— Да, и еще каким! — встрепенулась Меркеля. Ее благородная скорбь мгновенно уступила место благородной же ярости: по щекам еще текли слезы, но глаза уже метали молнии. — Он был настоящим мужчиной, а рыжики спалили его, как последнюю собаку. Да разразят их силы горние! Да чтоб их силы преисподние терзали до конца вечности! — В ее голосе звучала такая убежденность, словно эти проклятия и вправду могли сбыться. — О, они заплатят! О, как они заплатят!
— Да, — согласился Скарню, нежно поглаживая ее по плечу, словно пугливого единорога. — Они заплатят. Они уже платят. И ты помогаешь взыскивать с них плату.
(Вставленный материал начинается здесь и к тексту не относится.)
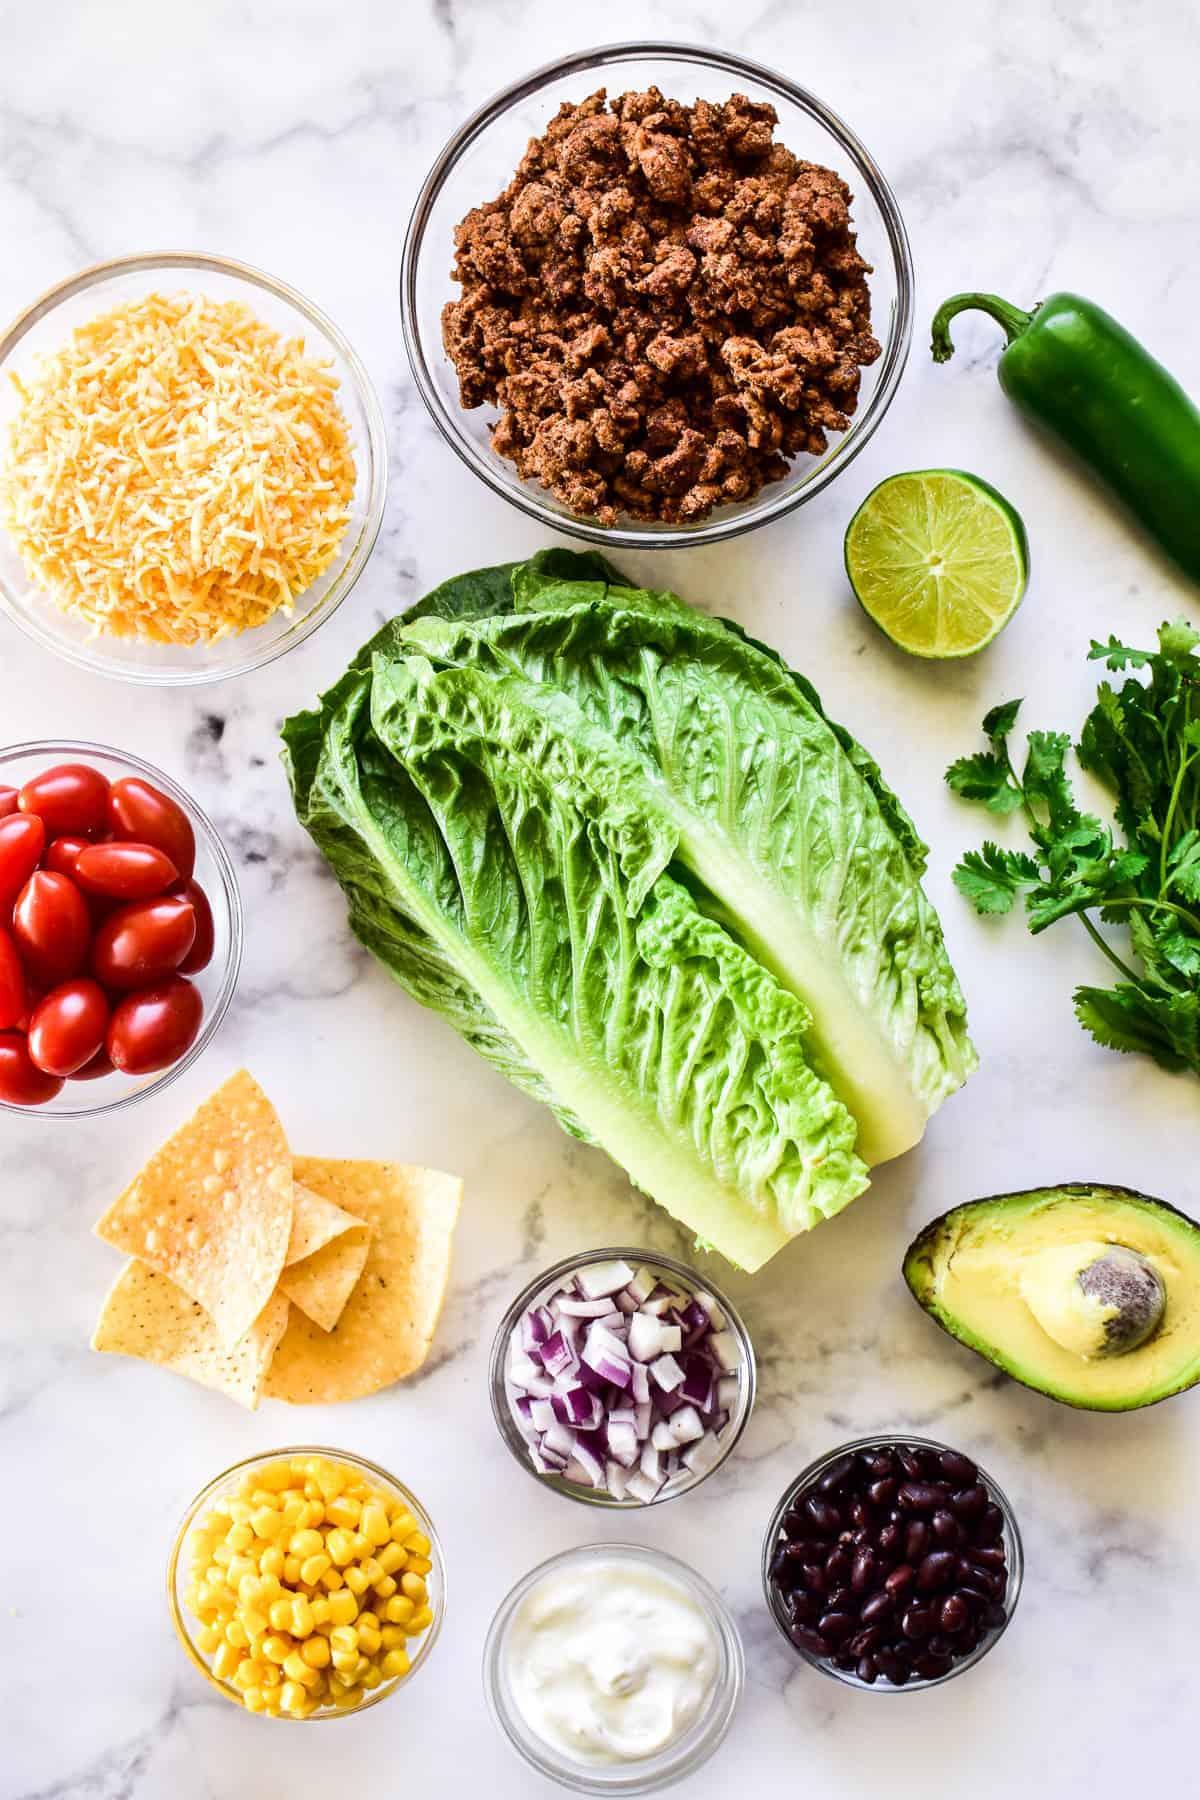 Taco Salad ingredients

Меркеля кивнула. Она могла сказать то же самое. Пока Гедомину был жив, она удовлетворялась тем, что ждала его дома, пока он воевал против рыжиков. Но после его казни ни один из партизанских рейдов не обходился без ее участия. Скарню, его сержант Рауну да горстка озлобленных фермеров и крестьян — вот и весь отряд. И больше всего Скарню боялся, что в своей безрассудной ярости Меркеля может потерять голову и погубить себя каким-нибудь бессмысленно отважным подвигом. Но до сих пор все обходилось, и он надеялся, что со временем она научится держать себя в руках.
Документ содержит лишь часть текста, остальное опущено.